As it turned out, Monday, July 31 was my last night in Charleston. My daughter, Rachel, had rented a room at a beach hotel. I drove through the Isle of Palms to that Holiday Inn on Ocean Blvd., and I noticed the island has had explosive growth since I had lived there. I literally didn’t recognize it. As I looked at row after row of very expensive houses, I had to ask myself, “Is there really that man people in America with so much money?” Erica Jong points out that most writers can’t make a living without teaching or editing, etc. I guess I must get used to the disparity of my meager living to that of others. It wasn’t that I envied the folks in those fine houses, I’m just truly surprised there are so many of them. Jong says that writers can only be “people who can live in cold-water flats and like it.”
After we found my daughter’s room, I walked the beach with my grandson, Mason Alexander Shelby. I was proud of the fact that my daughter married into a family with blood ties to Robert E. Lee and the Jefferson Davis family both. When he was born, I felt like my daughter had borne a Confederate Messiah. We are the only members of our extended family with curly hair, and we both returned from our walk on the wind-blown beach with wild hair. It was an interesting experience to have the whole family laughing at our looks!

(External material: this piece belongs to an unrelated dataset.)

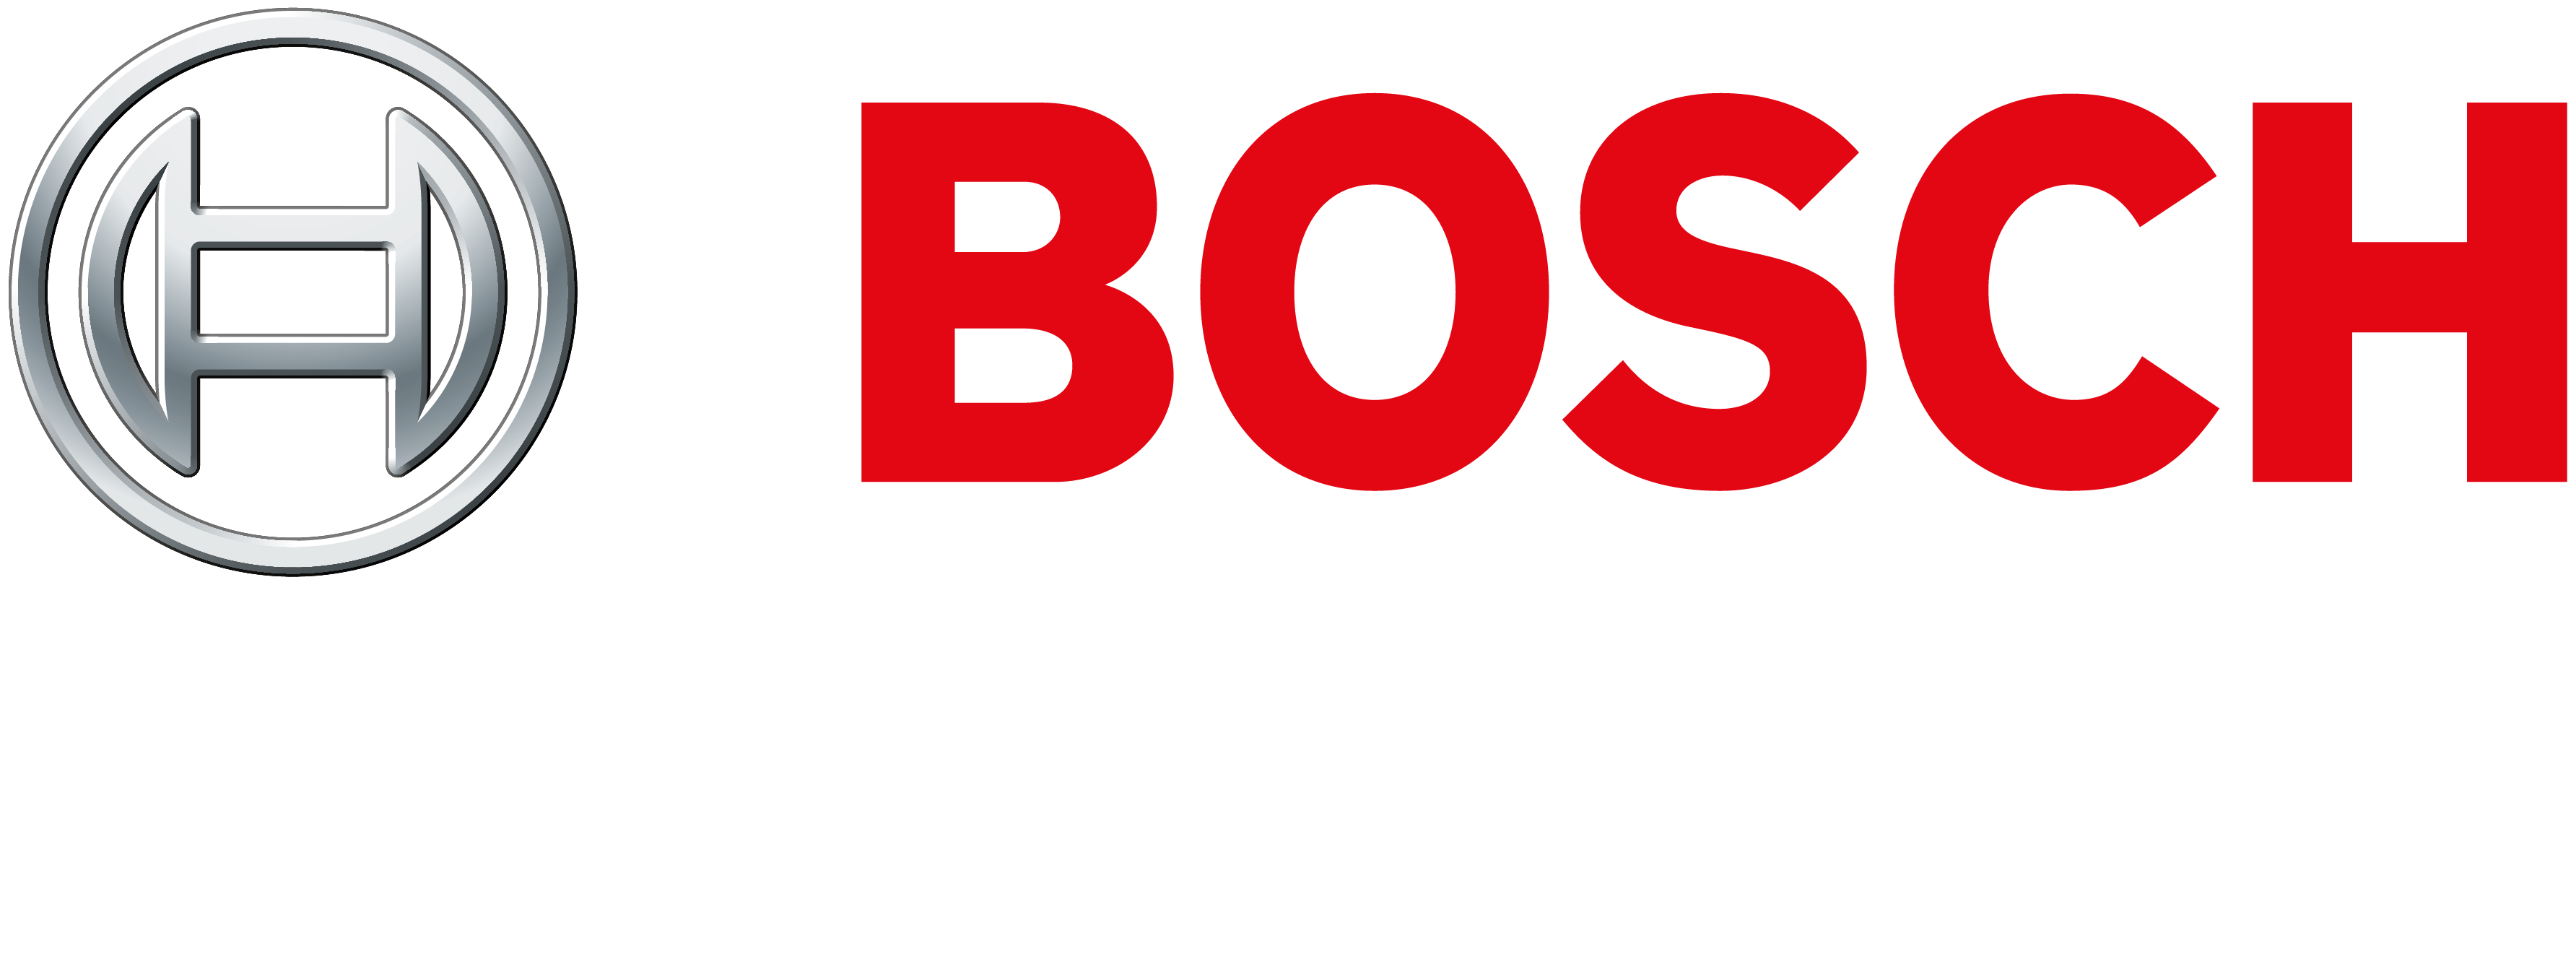 Bosch Motorsport

We gathered the crew together and went to Coconut Joes for food and drinks. As we waited on the restaurant’s upper deck, I had a banana daiquiri, then I switched to Coronas. My eyes traced the ocean’s horizon. The ocean has a hypnotic effect upon me. It made me want to drag out my Jimmy Buffet books (yes, he does write) and sing “A Pirate looks at 40.”
There was a musician that night. He sang mostly crowd tunes with a sincere but nondescript voice. After the meal of course was when I received the phone call from my mother saying I needed to get to Oklahoma. With that phone call, my Charleston trip and euphoria effectively ended.